One of the age-old delights of this time of year for many people is to take the opportunity to curl up with a good book, with the fire roaring, a steaming mug of cocoa at hand and more than a few biscuits perfecting the cosy atmosphere. Yes, the library atmosphere has long been one of life’s great pleasures, offering a safe and relaxing space to unwind and immerse yourself in a different world or time. Interestingly, one of the oldest libraries in the UK is found in Maldon. The Thomas Plume Library is not only a wonderful legacy of an incredible gentleman but also a story of survival.

The name Dr Thomas Plume is not an unknown one in the county. With both a library and a school named after him, Plume was a philanthropist whose family hailed from the quintessential village of Great Yeldham close to the border with Suffolk.

Born in the 17th century, Thomas Plume would go on to become a churchman following his studies at Chelmsford and then Christ Church Cambridge where he became a Bachelor of Arts and Doctor of Divinity. Although Plume was firmly committed to his career in the church, his thirst for knowledge and education was evident throughout his life.

Dr Plume lived during an exciting time - the same century in which he was born saw the discovery of gravity, bacteria and phosphorus, and the invention of the telescope, the adding machine and the steam pump.

Certainly, for those with an active, intelligent or educated mind, these world-changing discoveries and inventions meant for exciting reading at that time, even if the full weight of what had been uncovered could not possibly have been fully understood then.

That did not stop Dr Plume from making a concerted effort to continue his education on a variety of subjects and thus he embarked, perhaps unwittingly, on an amazing legacy-creation in which he began what would become a beautiful collection of books, pamphlets and other written material. Even if George Orwell had never discovered his flying machine, Dr Plume’s collection provides an enthralling insight into the mindset and excitement of the day. And he gifted it all to the people of Maldon.

Great British Life: The library was constructed from the ruins of the old St Peter’s Church The library was constructed from the ruins of the old St Peter’s Church

The Thomas Plume Library in Maldon is now recognised as one of the world’s most interesting collections of reference works spanning a range of subjects from chemistry and medicine to history and travel, and includes some real treasures including Sir Francis Drake’s ‘The World Encompassed’ and John Speed’s ‘Atlas of 1631’. The collection is impressive, not merely owing to its content, but also because of its size - more than eight thousand pieces of work complete with no fewer than 13 portraits of monarchs and divines.
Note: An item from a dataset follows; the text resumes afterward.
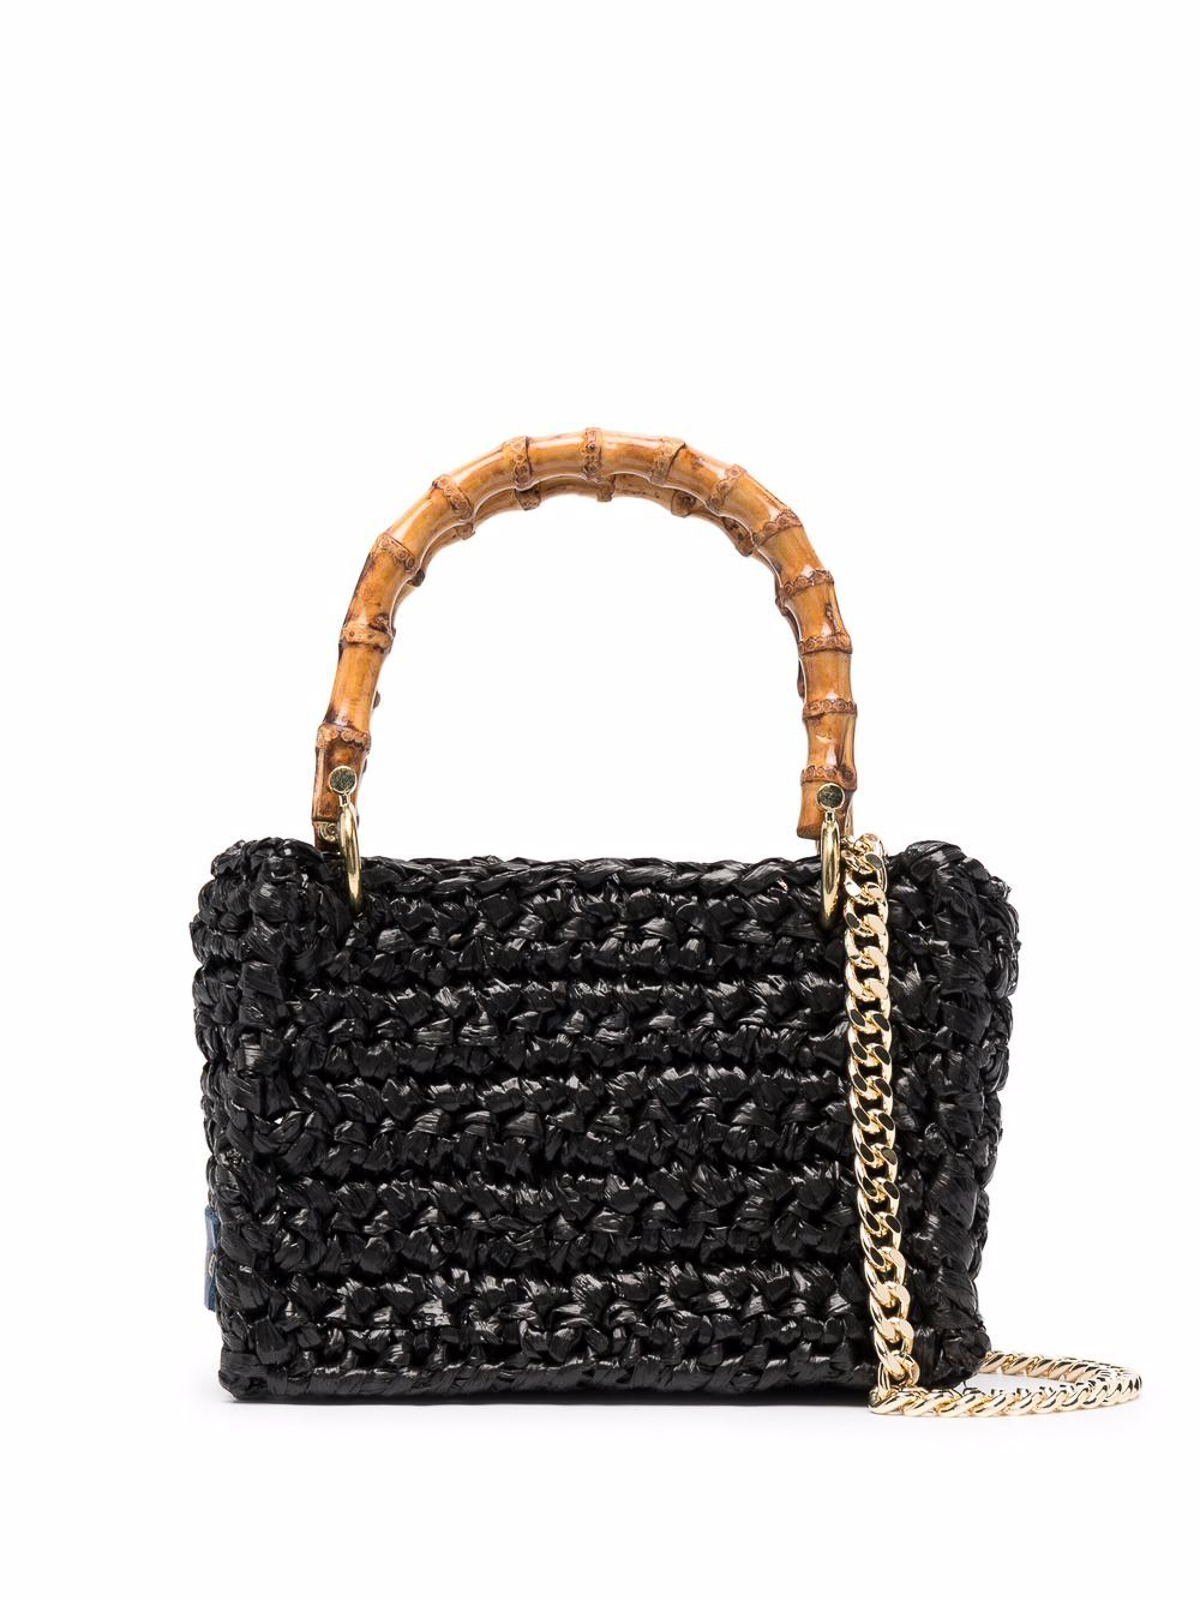 Shop Chica Bolso Shopping - Negro In Black

Thomas Plume bequeathed to the people of Maldon his beautiful collection which remains to this day, nestled securely in the building which he had constructed from the ruins of the old St Peter’s Church in the centre of this lovely Essex town. Although the books are no longer able to be closely examined, members of the public may visit the library and soak in, not only the atmosphere of a beautiful ambiatic library but to walk through the intellectual mind of a local man who wanted to share his legacy. According to Dr Plume, the library was to be ‘for the use of the minister and clergy of the neighbouring parishes who generally make this town their place of residence and any who desires, may go into it, and make use of any book there or borrow it.’

This was not the only kind gesture that Thomas Plume extended following his death in 1704. A rather wealthy local man, Plume left what would have been eye-watering sums in bequeaths numbering into the hundreds and thousands. One such special legacy Plume established was the ‘Plumian Professor of Astronomy and Experimental Philosophy at the University of Cambridge’ - a prestigious position which still exists to this day.
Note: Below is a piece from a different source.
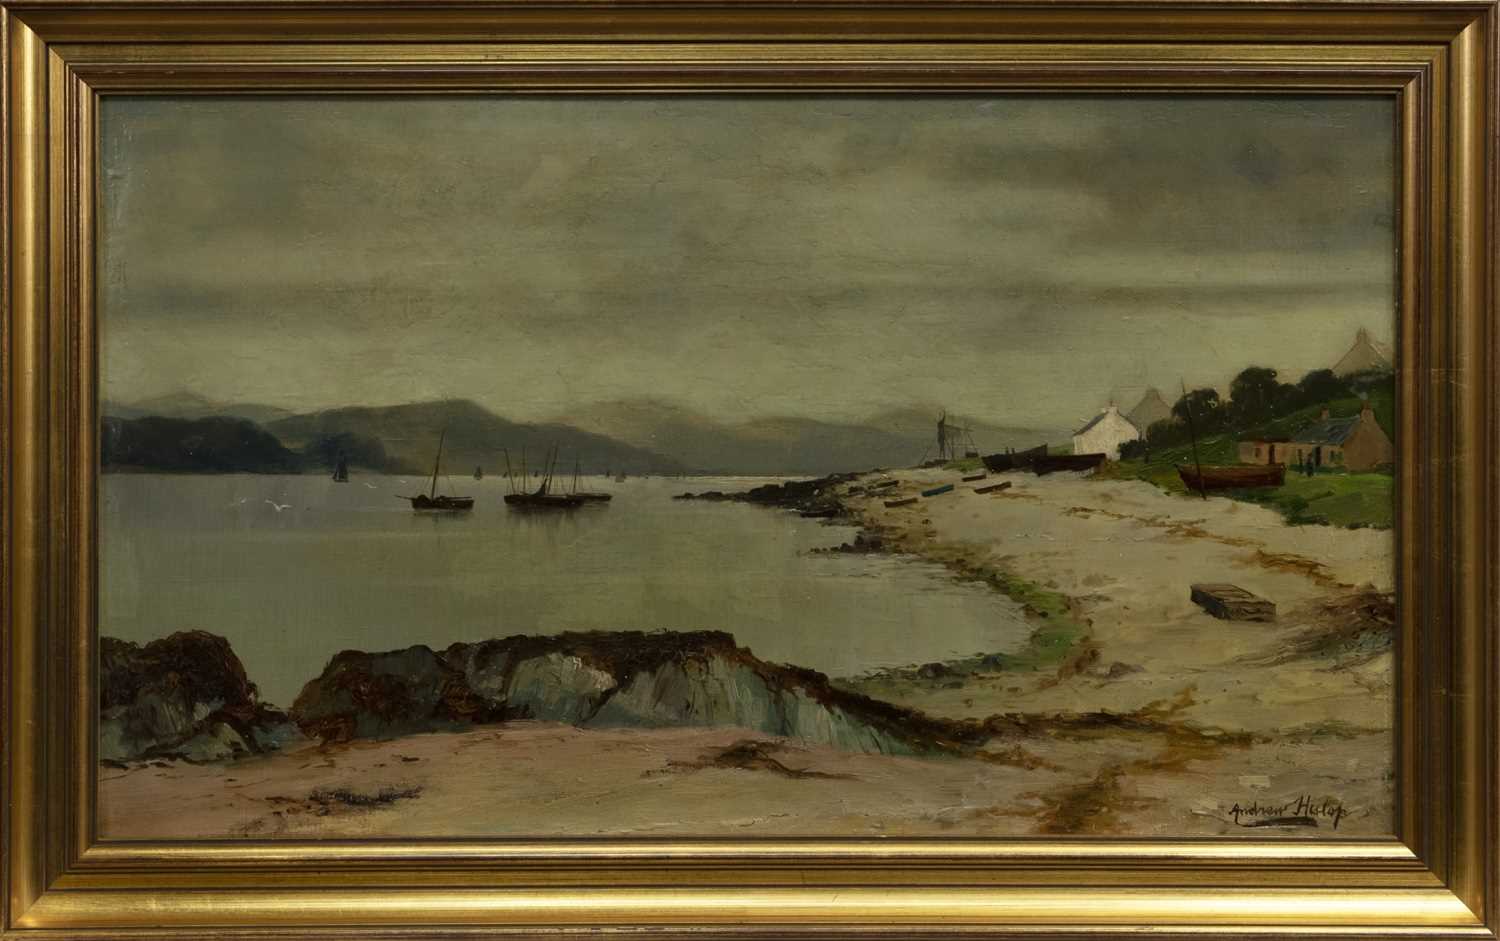 Lot 76 - SHORE OF THE LOCH, AN OIL BY ANDREW HISLOP

Plume wrote that the purpose of this was to ‘erect an Observatory and to maintain a studious and learned Professor of Astronomy and Experimental Philosophy, and to buy him and his successors utensils and instruments like quadrants and telescopes.’ Interestingly, the first recipient of this professorship was Roger Cotes who was a pupil of Isaac Newton and who continued to work closely with him.

This wonderful collection of books, pamphlets and other written materials stands today as a beautiful insight into an era long gone, a time of education and knowledge when exciting new inventions and discoveries made for avid reading. The Thomas Plume Library also stands as a lovely reminder of the mentally adventurous spirit of the Essex people, as evidenced by this priceless gift left by a generous local gentleman to the people of Maldon and the generations to come.